WHAT IS REQUIRED: The listing is to be printed word for word, pictures omitted.

DATASET SECTION:

==============================

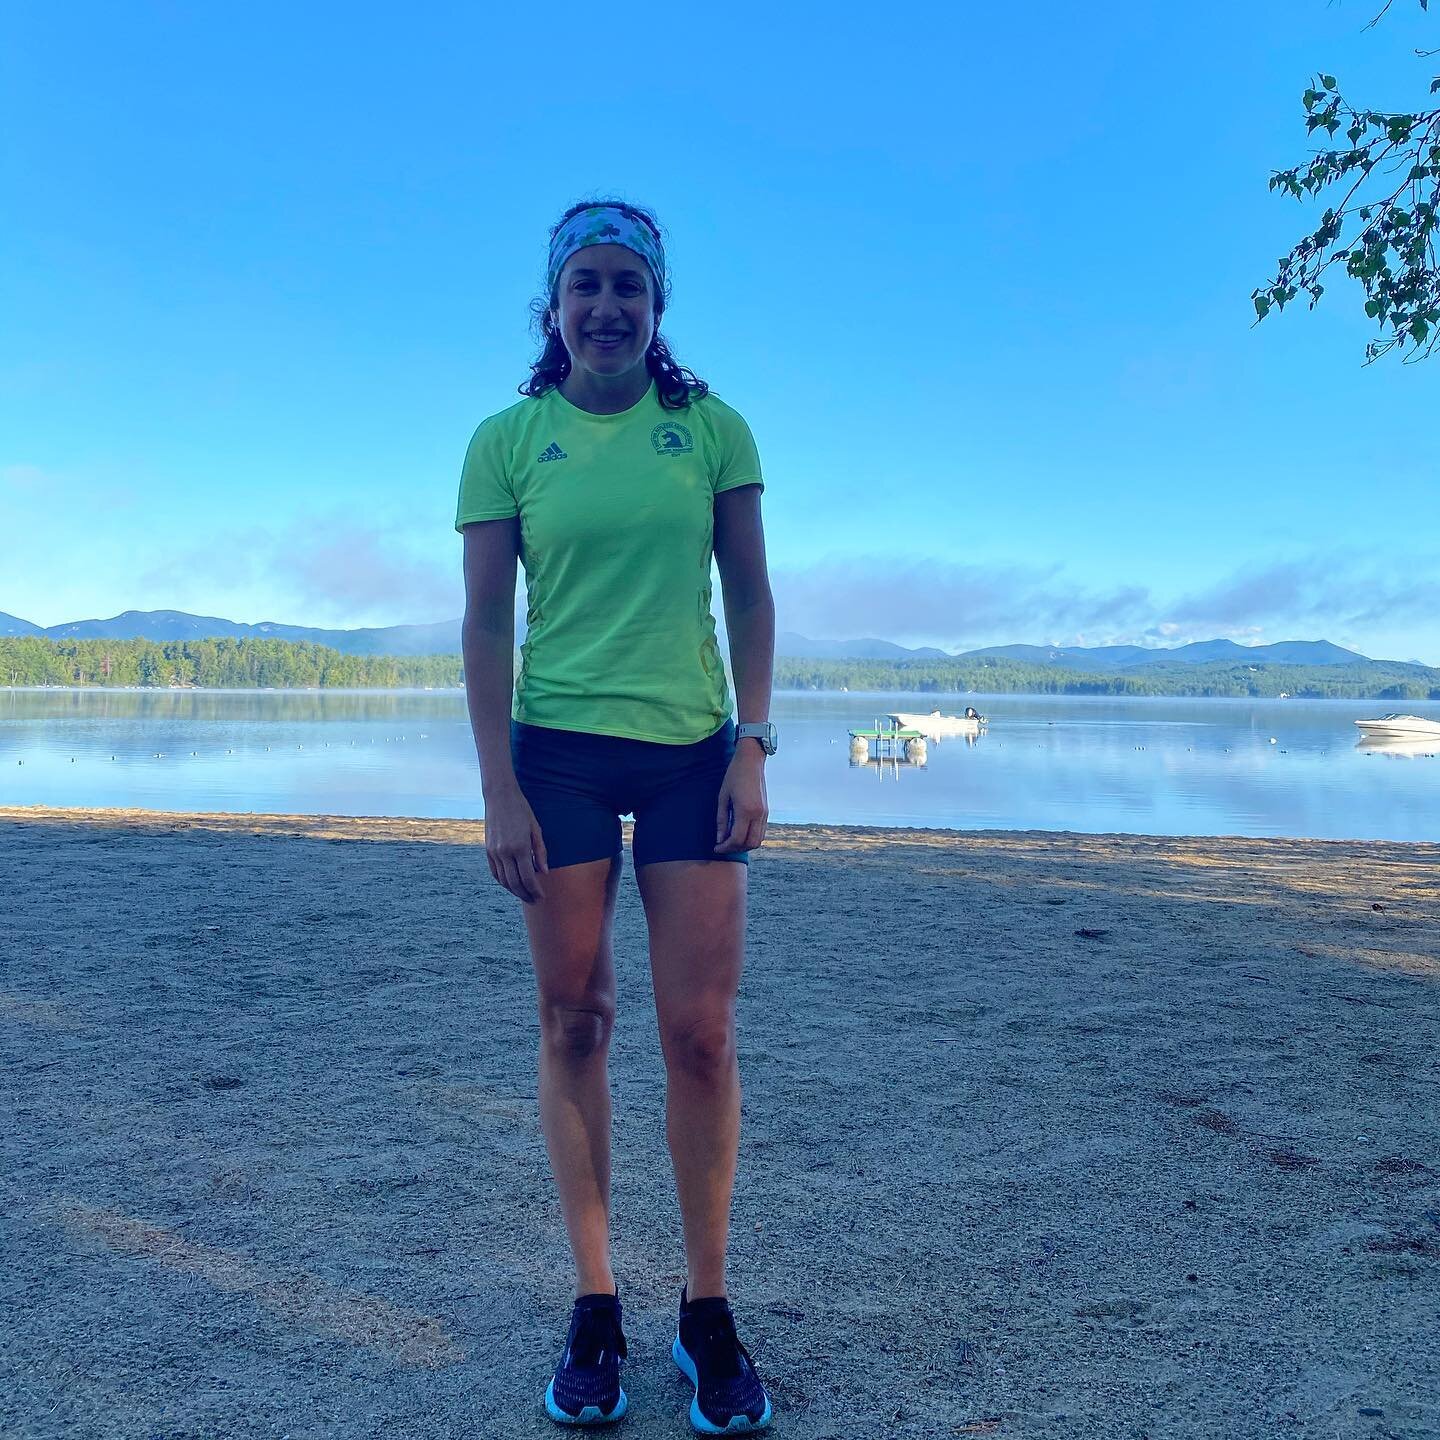 5 EZ miles this AM to end out the month of August. 188 for the month, which was less than planned, but still a solid month. The morning was beautiful! Cold, but beautiful. The steam coming off the water made it that much prettier.⁣
⁣
After being in s

==============================

OUTPUT OF THE TASK:
 5 EZ miles this AM to end out the month of August. 188 for the month, which was less than planned, but still a solid month. The morning was beautiful! Cold, but beautiful. The steam coming off the water made it that much prettier.⁣
⁣
After being in s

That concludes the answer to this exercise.